[
Lists Home |
Date Index |
Thread Index
]
- To: xml-dev@lists.xml.org
- Subject: baffling encoding problem
- From: Bryan Rasmussen <bry@itnisk.com>
- Date: Wed, 9 Feb 2005 13:45:44 +0100
- User-agent: Internet Messaging Program (IMP) 3.2.2
Hi,
I need some insight on encoding here. I have an xml instance that has passed
through some parties before it got to me.
I'm on a windows system. The instance has a declared encoding of UTF-8 and a
BOM
of UTF-8 (EF BB BF).
In this xml there is a textnode that should have the word Børnehave.

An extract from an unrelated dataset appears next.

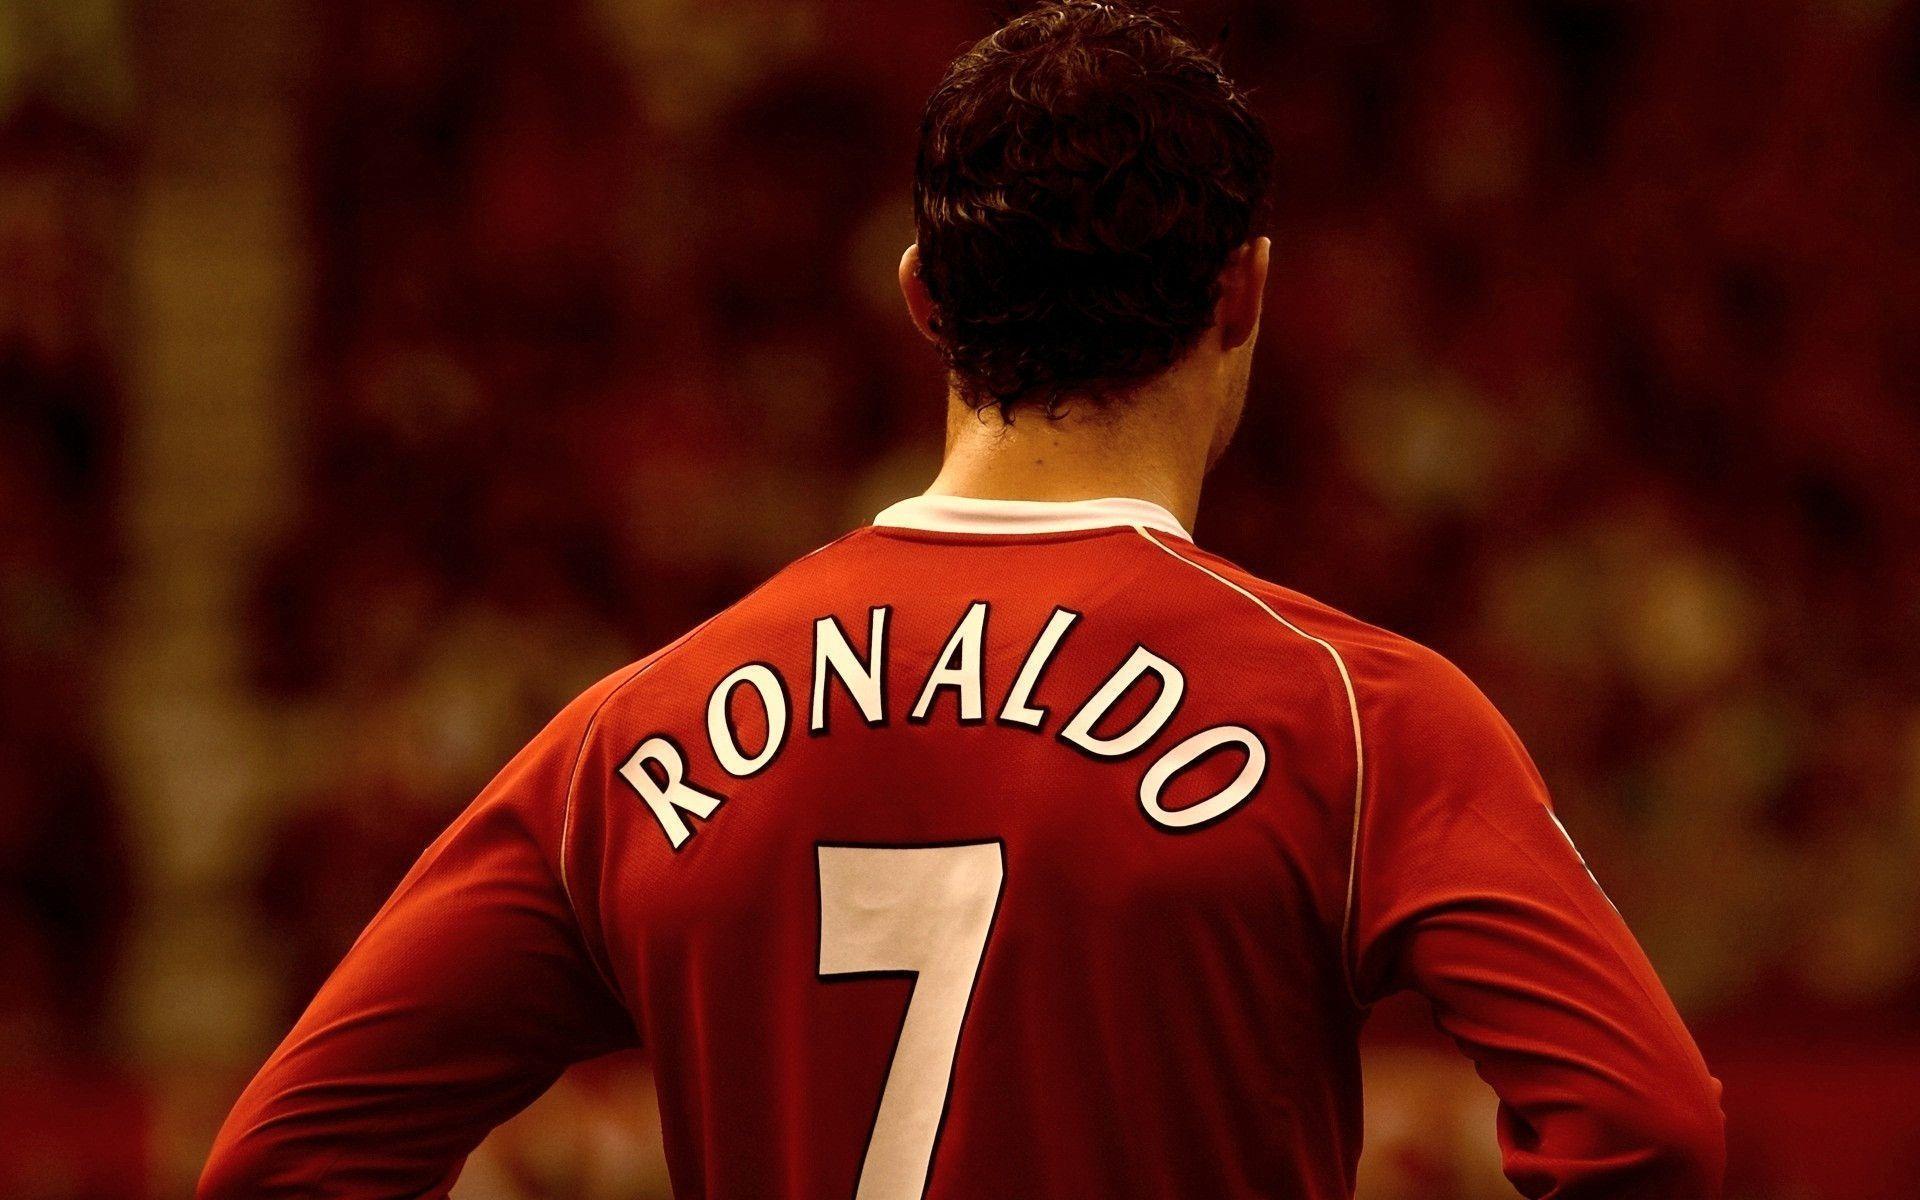 Cristiano Ronaldo Wallpapers | HD Wallpapers

When I open it in various text editors, notepad, wordpad, it shows Brnhave.
When
I open it in various xml editors some crash saying there is an encoding
problem,
also when I open it in IE. Some editors however feel that it is correct, for
example Crimson and XML SPY, although both of them display it without the ø
sign. When I open it in 010 editor, the hex editor i use, it shows 42F8 726E
6568 6176 6 which that's right isn't it? I copy that I get Børnehave.
When I try to load the instance in a DOM using MSXML I get an encoding error,
when I run it through XSV to validate I get
Input error: Illegal UTF-8 byte 2 <0x72> at file offset 1070
in unnamed entity at line 18 char 27
which is the r, of course it is at the position where the ø should be.
If I save it in any editor that feels it is correct I will then have a file that
will open in all the other editors and in IE, load it in dom etc.
--
Bryan Rasmussen
|